Gradient Accumulation Wrappers

GradientAccumulateModel(*args, **kwargs)

Model wrapper for gradient accumulation.

GradientAccumulateOptimizer([optimizer, ...])

Optimizer wrapper for gradient accumulation.

GradientAccumulateModel

class gradient_accumulator.GradientAccumulateModel(*args, **kwargs)[source]

Model wrapper for gradient accumulation.

apply_accu_gradients()[source]

Performs gradient update and resets slots afterwards.

reinit_grad_accum()[source]

Reinitialized gradient accumulator slots.

train_step(data)[source]

Performs single train step.

GradientAccumulateOptimizer

class gradient_accumulator.GradientAccumulateOptimizer(optimizer='SGD', accum_steps=1, reduction: str = 'MEAN', name: str = 'GradientAccumulateOptimizer', **kwargs)[source]

Optimizer wrapper for gradient accumulation.

apply_gradients(grads_and_vars, name=None, **kwargs)[source]

Updates weights using gradients.

Parameters:
  • grads_and_vars – dict containing variables and corresponding gradients.

  • name – name to set when applying gradients.

  • **kwargs – keyword arguments.

Returns:

Updated weights.

classmethod from_config(config, custom_objects=None)[source]

Gets config of original optimizer and deserializes it.

get_config()[source]

Returns the configuration as dict.

property gradients[source]

The accumulated gradients on the current replica.

Returns:

Current gradients in optimizer.

property iterations[source]

Returns current iteration value of optimizer.

Returns:

iterations of optimizer.

property learning_rate[source]

Returns the learning rate of the optimizer.

Returns:

learning rate of optimizer.

property optimizer[source]

The optimizer that this AccumOptimizer is wrapping.

reset()[source]

Resets the accumulated gradients on the current replica.

property step[source]

The number of training steps this Optimizer has run.
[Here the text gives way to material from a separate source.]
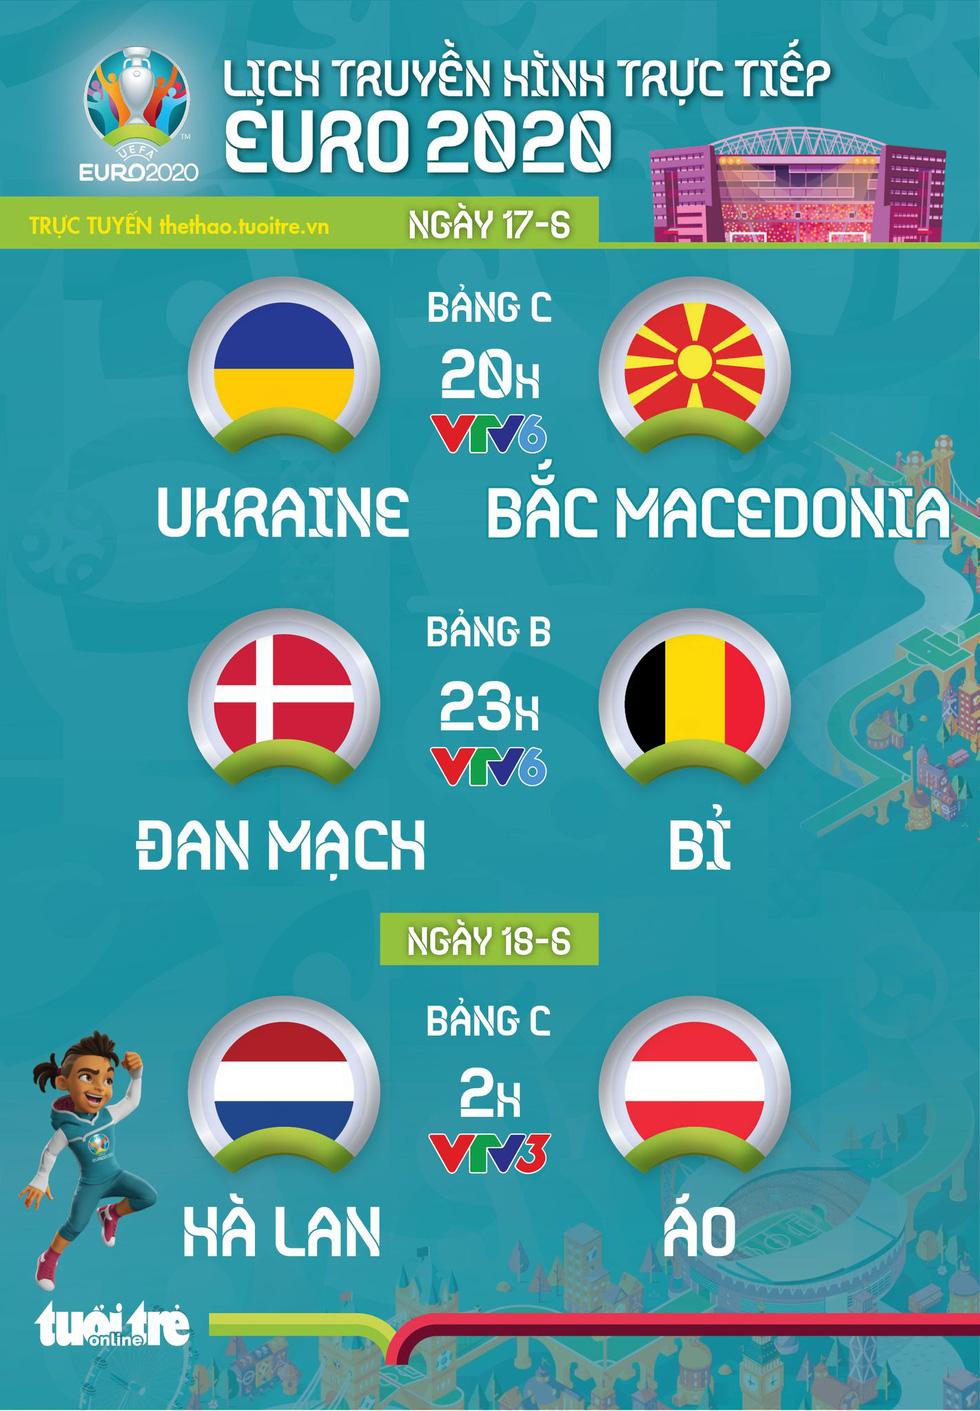 Lịch trực tiếp Euro 2020: Ukraine - Bắc Macedonia, Đan Mạch - Bỉ, Hà Lan - Áo - Ảnh 1.
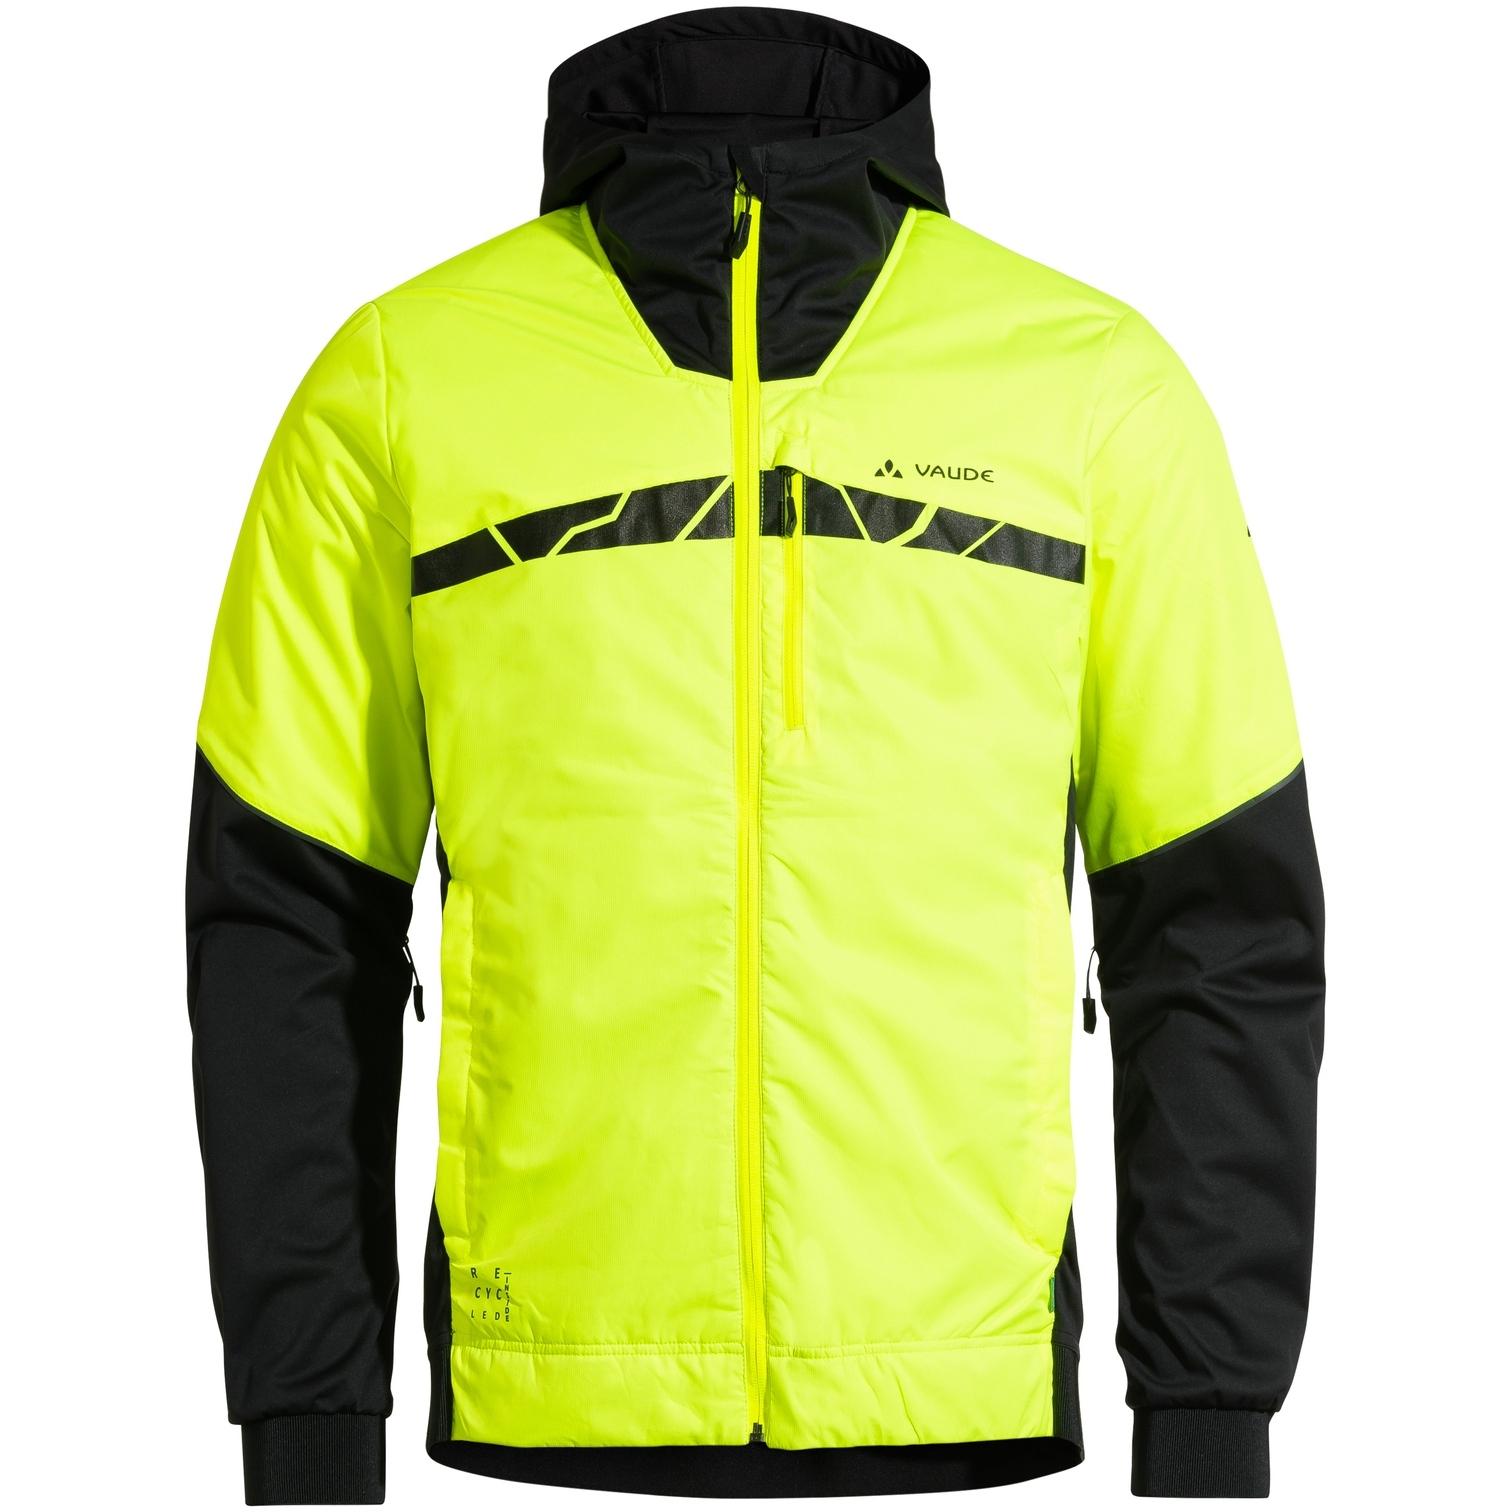 Vaude All Year Moab Jacke II - neon yellow

Initializes step variable if None.

Returns:

Current number of optimizer steps.

Custom Layers

AccumBatchNormalization

class gradient_accumulator.AccumBatchNormalization(*args, **kwargs)[source]

Custom Batch Normaliztion layer with gradient accumulation support.

build(input_shape)[source]

Builds layer and variables.

Parameters:

input_shape – input feature map size.

call(inputs, training=None, mask=None)[source]

Performs the batch normalization step.

Parameters:
  • inputs – input feature map to apply batch normalization across.

  • training – whether layer should be in training mode or not.

  • mask – whether to calculate statistics within masked region of feature map.

Returns:

Normalized feature map.

get_config()[source]

Returns configurations as dict.

Returns:

Configuration file.

get_moving_average(statistic, new_value)[source]

Returns the moving average given a statistic and current estimate.

Parameters:
  • statistic – summary statistic e.g. average across for single feature over multiple samples

  • new_value – statistic of single feature for single forward step.

Returns:

Updated statistic.

reset_accum()[source]

Resets accumulator slots.

property trainable[source]

Returns whether layer is trainable.

Returns:

trainable boolean state.

update_variables(mean, var)[source]

Updates the batch normalization variables.

Parameters:
  • mean – average for single feature

  • var – variance for single feature

General Utilities

Adaptive Gradient Clipping

gradient_accumulator.compute_norm(x, axis, keepdims)[source]

Computes the euclidean norm of a tensor \(x\).

Parameters:
  • x – input tensor.

  • axis – which axis to compute norm across.

  • keepdims – whether to keep dimension after applying along axis.

Returns:

Euclidean norm.

gradient_accumulator.unitwise_norm(x)[source]

Wrapper class which dynamically sets axis and keepdims given an input x for calculating euclidean norm.

Parameters:

x – input tensor.

Returns:

Euclidean norm.

gradient_accumulator.adaptive_clip_grad(parameters, gradients, clip_factor: float = 0.01, eps: float = 0.001)[source]

Performs adaptive gradient clipping on a given set of parameters and gradients.

Parameters:
  • parameters – Which parameters to apply method on.

  • gradients – Which gradients to apply clipping on.

  • clip_factor – Sets upper limit for gradient clipping.

  • eps – Epsilon - small number in \(max()\) to avoid zero norm and preserve numerical stability.

Returns:

Updated gradients after gradient clipping.